I looked over helplessly at the sledge: Oleg was sitting in the driver’s seat, staring with his frozen face out into the winter, and the last thing I wanted was to get in with him. But I couldn’t walk home from here, or even to some village where I could hire another driver. Oleg had turned off the road to bring us here: I had no idea where we were. I turned to argue, but the Staryk was already gone. I stood alone under pine boughs heavy with snow, with only silence and footprints around me, and the deep crushed hollow where I had fallen, the shape of a girl outlined in the drift, like a child playing might have made.

It began to snow even while I stood there, a thick steady snow that forced my hand. I picked my way gingerly to the sledge and climbed back inside. Oleg shook the reins silently, and the mare started trotting again. He turned her head towards the trees, away from the road, and drove deeper into the forest.

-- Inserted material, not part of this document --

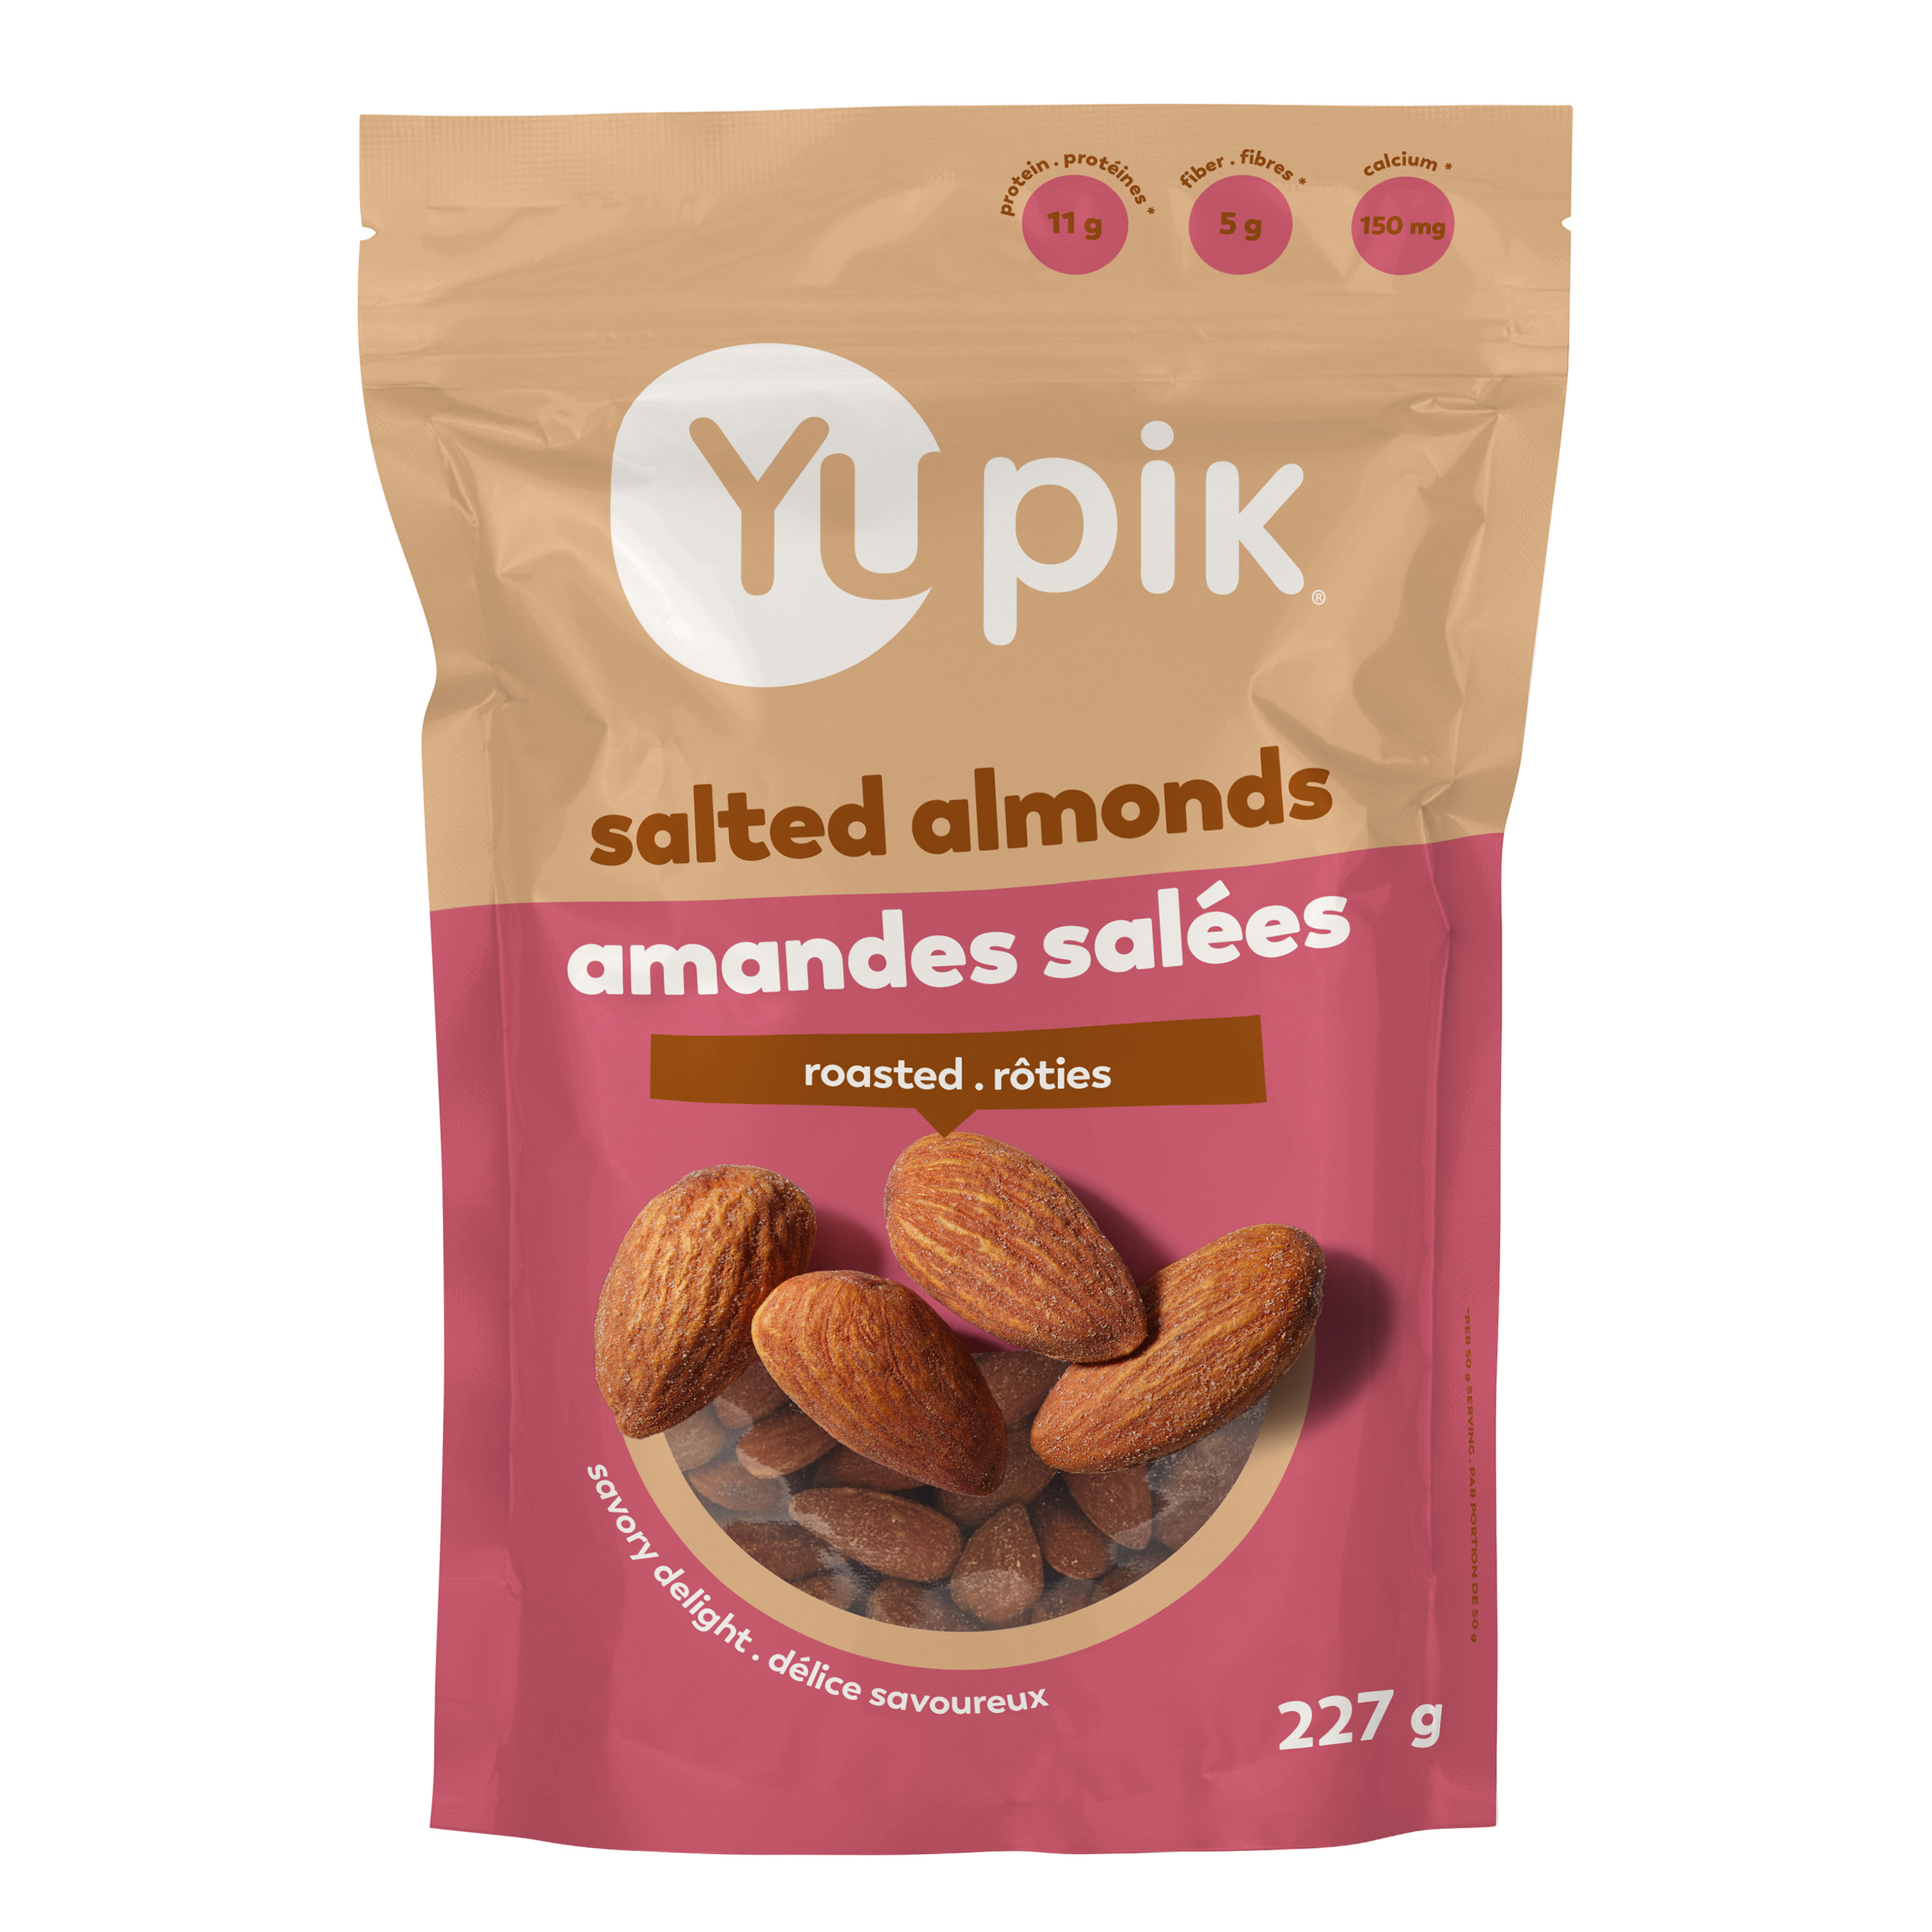 Almonds, Non GMO Canola oil, Salt.

I tried to decide whether I was more afraid to call out to him and be answered, or to get no reply, and if I should try to jump from the sledge. And then suddenly we came through a narrow gap between trees onto a different road: a road whose surface was pale and smooth as a sheet of ice, gleaming white. The rails of the sledge rattled once, coming onto the road, and then fell perfectly silent. The horse’s heavy-shod hooves went quickly on the ice, the sledge skating along behind her. Around us, trees stretched tall and birch-white, full of rustling leaves; trees that didn’t grow in our forest, and should have been bare with winter. I saw white birds and white squirrels darting between the branches, and the sleigh bells made a strange kind of music, high and bright and cold.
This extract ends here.